REPUBLIKA.CO.ID, JAKARTA - Bak gayung bersambut, pemilu serentak mulai mendapat respon dari berbagai pihak, tidak terkecuali dari anggota anggota Komisi II Dewan Perwakilan Rakyat (DPR) Arif Wibowo. Namun, menurut anggota Fraksi PDI Perjuangan ini pemilu serentak baik nasional dan lokal baru bisa diwujudkan pada 2019.
"Saat ini DPR sedang melakukan inisiasi terhadap perubahan Undang-Undang (UU) Nomor 42 Tahun 2008 tentang Pemilihan Umum Presiden (Pilpres). Kami memberi masukan, bagaimana nantinya bisa membangun pemerintahan yang efektif dan stabil," ujar Arif dalam Dialog Interaktif DPD RI dengan tema 'Pemilu Nasional dan Lokal Serentak', di Jakarta, Jumat (18/9).

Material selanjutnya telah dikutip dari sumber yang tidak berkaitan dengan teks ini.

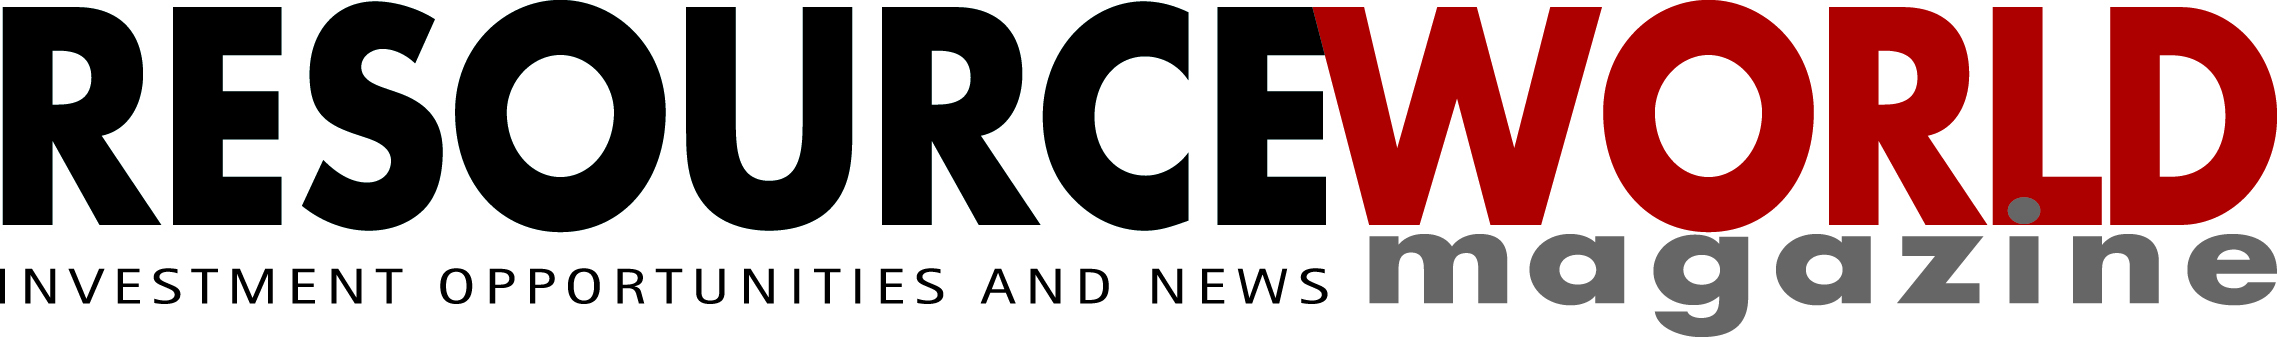 Company logo for Resource World Magazine'
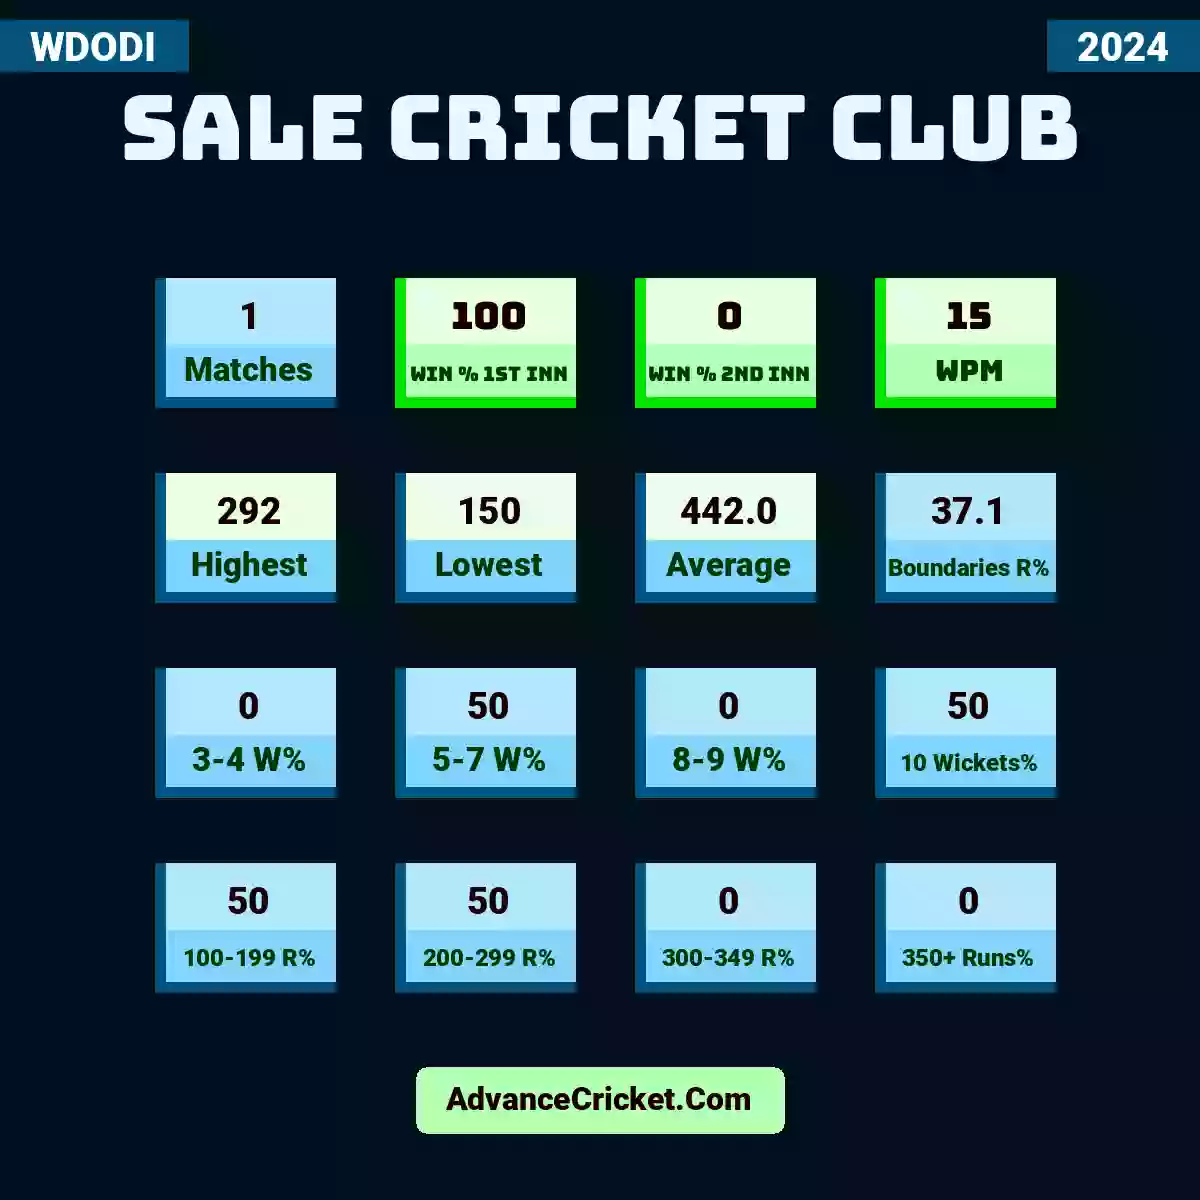 Image showing Sale Cricket Club WDODI 2024 with Matches: 1, Win % 1st Inn: 100, Win % 2nd Inn: 0, WPM: 15, Highest: 292, Lowest: 150, Average: 442.0, Boundaries R%: 37.1, 3-4 W%: 0, 5-7 W%: 50, 8-9 W%: 0, 10 Wickets%: 50, 100-199 R%: 50, 200-299 R%: 50, 300-349 R%: 0, 350+ Runs%: 0.

Pelaksanaan pemilu serentak bisa dilangsungkan pada 2019, lanjut dia, asalkan revisi UU tersebut bisa selesai pada akhir tahun ini. "Kami sedang memikirkan bagaimana cara pelaksanaan yang masuk akal," tambah dia.
Pelaksanaan pilkada serentak tersebut, lanjut dia, akan memancing perdebatan tentang tata cara pelaksanaan pilkada dan pemilu nasional. "Pemilu yang dimungkinkan untuk 2014 adalah pelaksanaan pemilu legislatif dan presiden secara serentak, Ini memungkinkan karena sekarang masih ada 18 bulan sebelum pemilu," tuturnya.
Sedangkan untuk pemilu lokal dan nasional baru bisa terwujud pada 2019. Hal tersebut, ditambahkan dia, karena perlunya waktu untuk melakukan transisi kepemimpinan dan penyesuaian lainnya.
Pemilu serentak, kata Arif, juga membawa dampak positif dan negatif bagi parpol. Sisi positif karena parpol yang kalah mempunyai banyak waktu untuk memperbaiki diri, sedangkan negatifnya pemilu serentak merupakan hal yang berat bagi parpol yang kalah.
Anggota KPU, Hadar Nafis Gumay, menilai pelaksanaan pemilu serentak penting untuk segera diwujudkan. Menurut Hadar, ada dua model pelaksanaan pemilu serentak. Pertama adalah pelaksanaan pemilu legislatif dan presiden yang dilakukan serentak. Kemudian dilanjutkan dengan pemilihan kepala daerah yang juga dilakukan secara serentak.